Il y a énormément de personnes, célèbres ou non d’ailleurs qui ont commencé avec rien et qui sont soit devenues riches, soit célèbres soit tout simplement heureuses, alors que rien ni personne n’aurait pu prédir un destin pareil pour eux. Je considère moi-même être une personne chanceuse pour la simple et bonne raison que je suis née dans un pays développé, j’ai toujours eu à manger, je n’ai jamais eu de problème, j’ai pu faire des études, avoir du boulot, me construire dans un environnement équilibré, etc. Une personne qui est née en Afrique, par exemple, qui vit chaque jour avec la boule au ventre car elle n’est pas sure qu’elle aura à manger pour elle ou ses enfants ou qu’elle soit en sécurité et qu’elle sait que les chances pour s’échapper de cette vie son maigres, pour moi, ce n’est pas une personne chanceuse. Car souvent ces personnes ont beaucoup moins cette possibilité d’être responsable de leur vie, de leur avenir car elles ne peuvent pas quitter leur pays, ou quitter leur famille, quitter un certain régime politique, c’est extrêmement sensible et les gens dans les pays développés n’y prêtent que peu d’attention. Et je déplore cette situation, je me demande si un jour ce monde sera équitable et permettra au moins (au moins) que chacun ait assez pour se nourrir. Mais encore en 2018, nous sommes bien loin du compte et ça reste la norme, sans que personne s’en alarme plus que cela. (Sorry, je m’éloigne du sujet).

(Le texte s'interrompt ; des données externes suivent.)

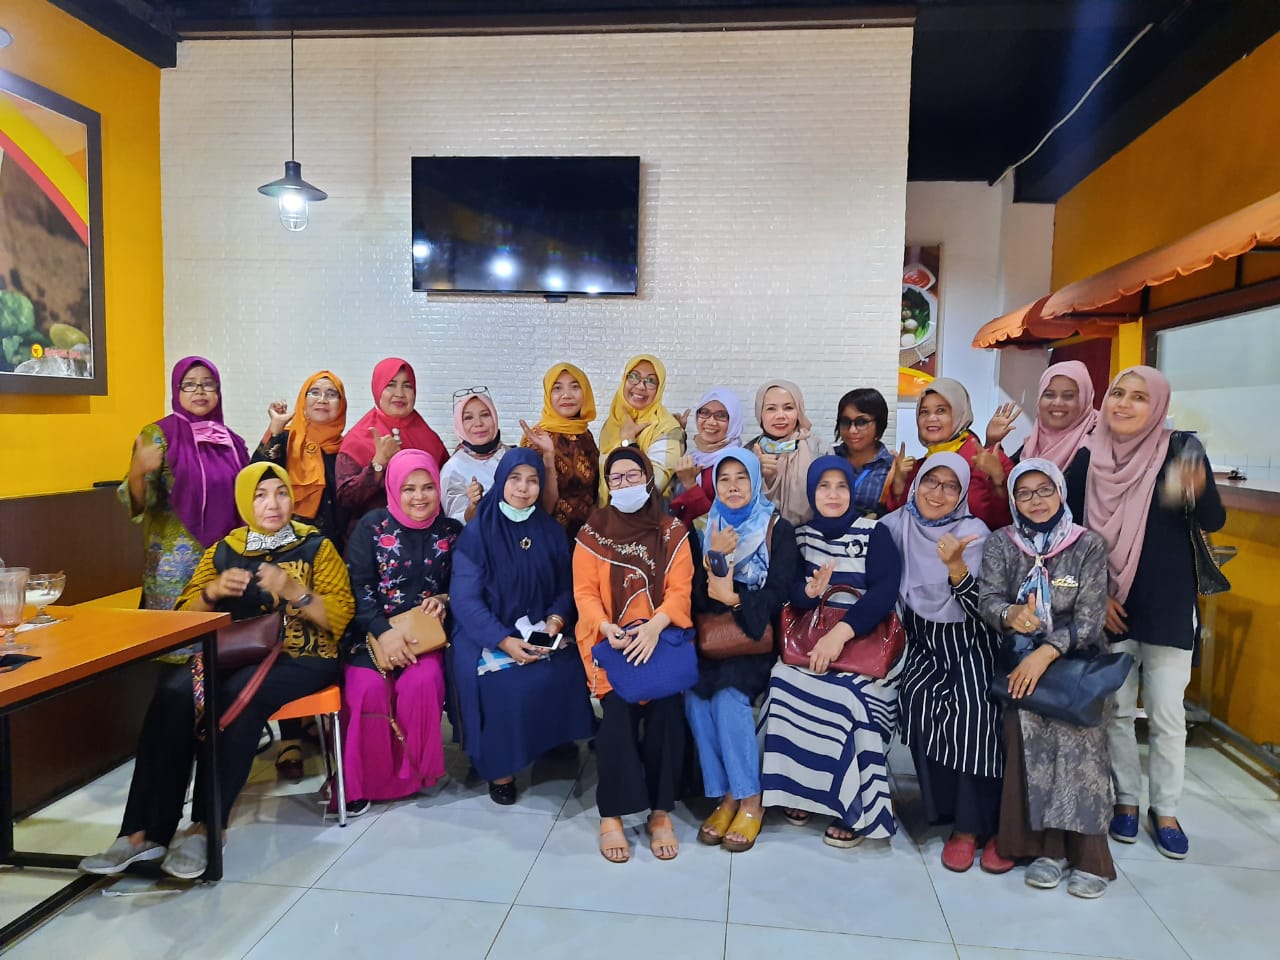 Pengurus dan anggota IKWI Sumbar, dalam pertemuan silaturahim setelah vakum beberapa bulan akibat pandemi Covid-19, di Padang, Sabtu (18/7/2020).

On pourrait aussi parler de la loi de l’attraction : Pour moi, si on est ouvert à l’amour, on aura de l’amour en retour ; si on travaille, on récoltera les fruits de notre travail etc. On a rien sans rien. Par contre parfois il est vrai que des personnes qui nous veulent du mal peuvent croiser notre route et il n’est pas toujours simple de réaliser à qui faire confiance et qui éviter, selon notre propre fragilité et sensibilité (on est tous différents).

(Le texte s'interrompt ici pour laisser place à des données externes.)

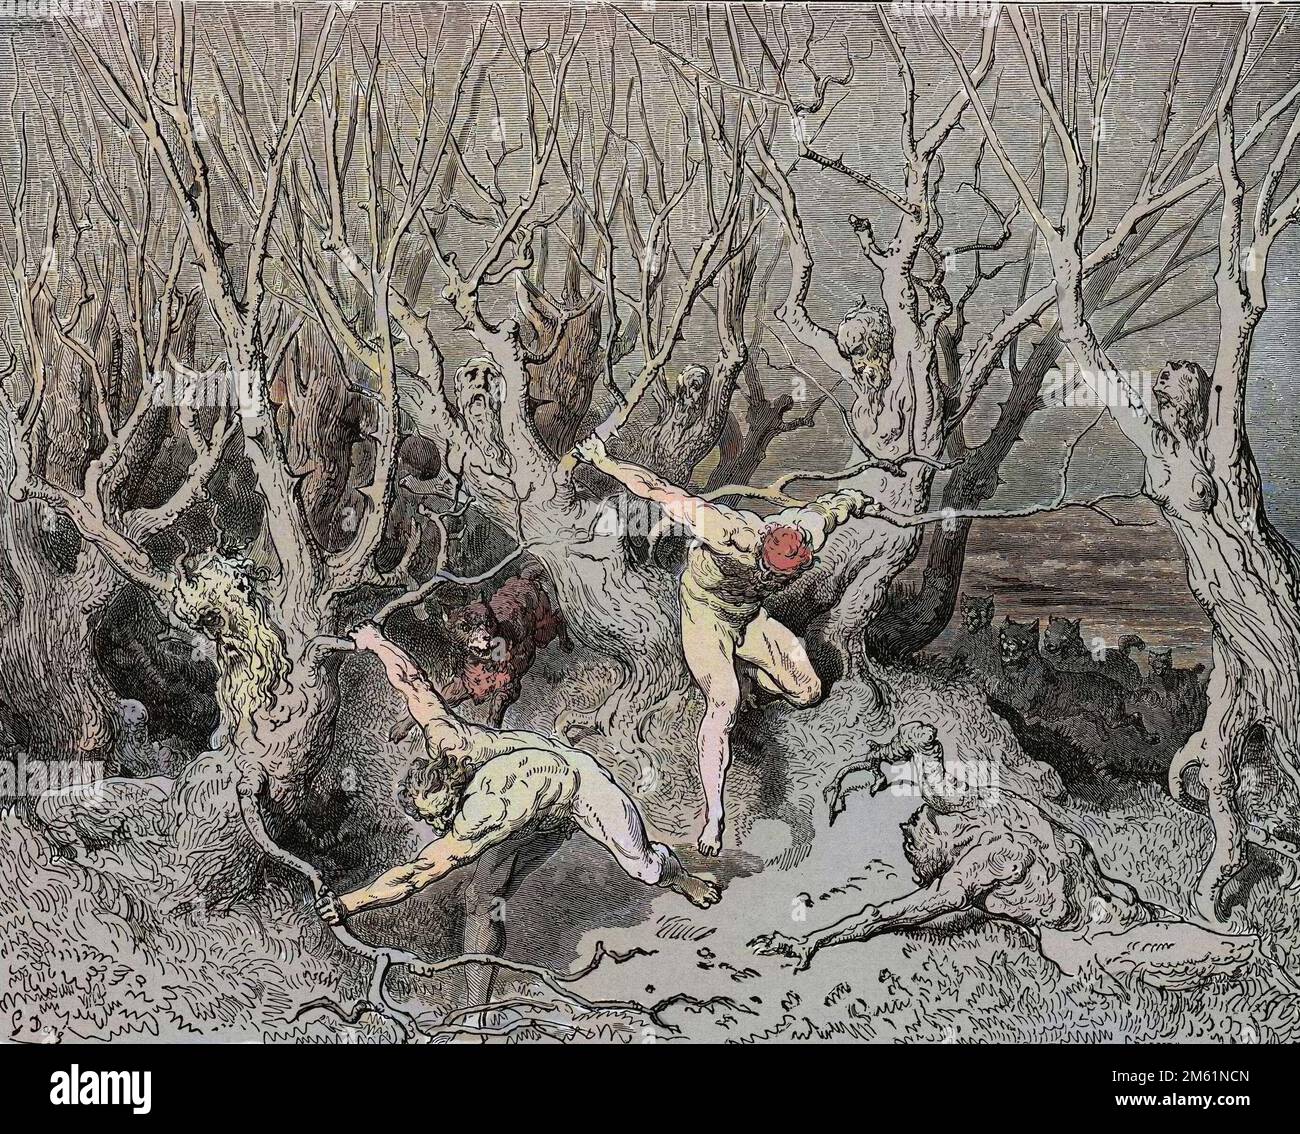 Bosque de los Suicidios, Wiki Dante's Inferno

Dans cette histoire, Tonya n’a pas réellement de chance, si ce n’est de pratiquer son sport favori. Elle ne s’aime pas, elle est entourée de mauvaises personnes et sont caractère se forge après toutes ces tristes expériences et il n’y a pas vraiment de place pour de la niaiserie ou  de la sensibilité, je dirais même que c’est plus l’instinct de survie qui prendrait le dessus.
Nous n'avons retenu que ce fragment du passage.